What price truth?
By Ernest Dumas, Arkansas Times l Published: July 10, 2008
The worst aspect of this race for president is that it bears out John Milton's maxim that truth comes into the world a bastard, heaping ignominy upon those who dare to speak it.
Gen. Wesley Clark can attest to that. He uttered a line so unassailably true that John McCain himself would not deny its truth. Clark said that merely being shot down while flying a Navy plane in wartime did not qualify a person to be president. In fact, McCain had said as much in the past. But Clark has been so pilloried for the remark that Sen. Barack Obama had to criticize him and the general, a true war hero himself, was taken off the list of potential vice presidential candidates.
Clark had just finished praising McCain's courage and long service to the country and counted him one of his personal heroes but when his questioner noted that Obama had not flown a plane that was shot down Clark replied that it was true but that McCain's misfortune and heroic ordeal did not qualify him for president.
But Clark is not the first to be scorched by having the nerve to tell the plain truth, even if inadvertently. That was the case when Charlie Black, the lobbyist/publicist who advises McCain, told an interviewer that national security was McCain's best issue and when he was asked if another attack like 9/11 would help McCain he replied that undoubtedly it would. That is an article of faith for everybody, Democrats and Republicans alike, because the assumption is that terrorism would rise to the top of everyone's agenda again and people would rest their faith in the tough guy. Rationally, people should react just the opposite — it would show that the Republicans have not made us any safer — but that is not the common thinking. Black merely repeated the conventional wisdom. He apologized for his truthfulness and McCain repudiated him. You won't hear from Charlie Black again.

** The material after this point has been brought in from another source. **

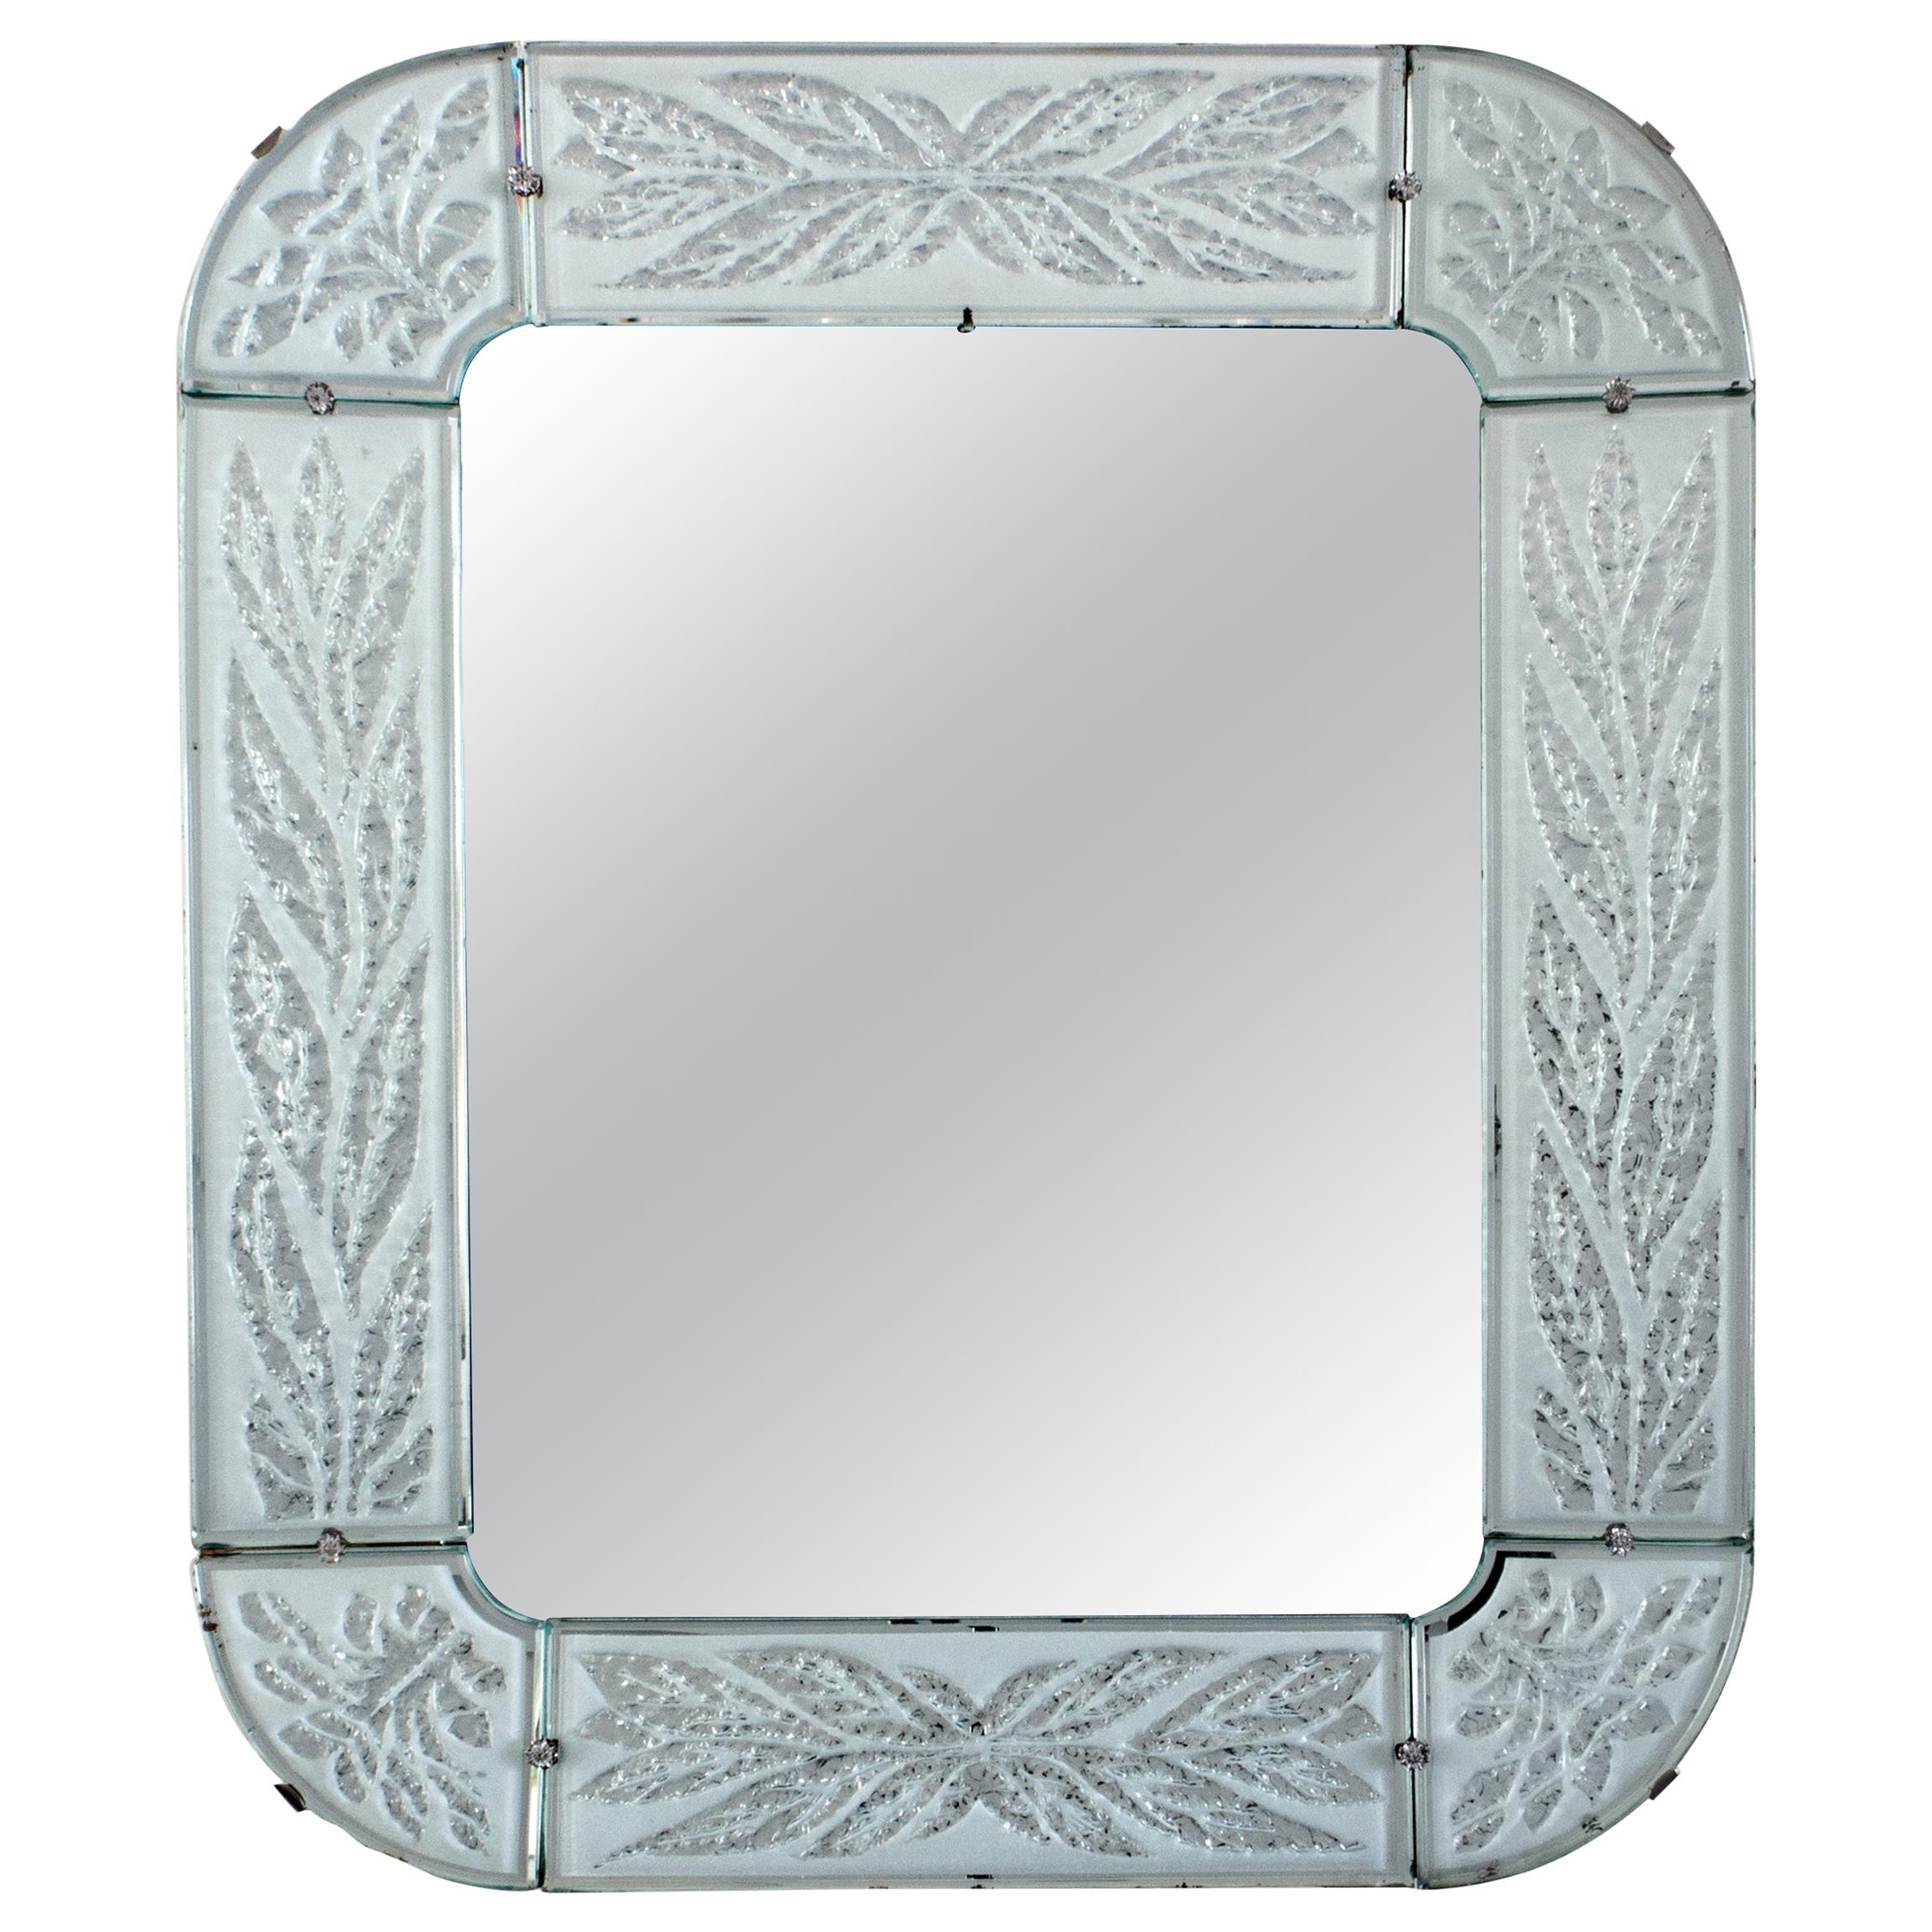 Radiant Mid-20th Century Swedish Chiseled and Frosted Glass-Framed Mirror

There was no dishonor but plenty of ignominy when Bill Clinton said Barack Obama's primary victory in South Carolina was not a shock because, after all, Rev. Jesse Jackson had carried the state, too. It was a simple statement of fact that it was the same large African-American vote that carried Obama to victory. But it was characterized as a denigration of the African-American candidate and it did untold harm to Clinton's own reputation and to his wife's candidacy.
Same with Geraldine Ferraro's famous remark that much of the excitement around the Obama campaign arose from his race. That is an indisputable fact that Obama's earnest admirers have no trouble admitting. But Ferraro was banished forever.
The list goes endlessly on.
At least General Clark did not apologize. A real tough guy who has told the truth would not.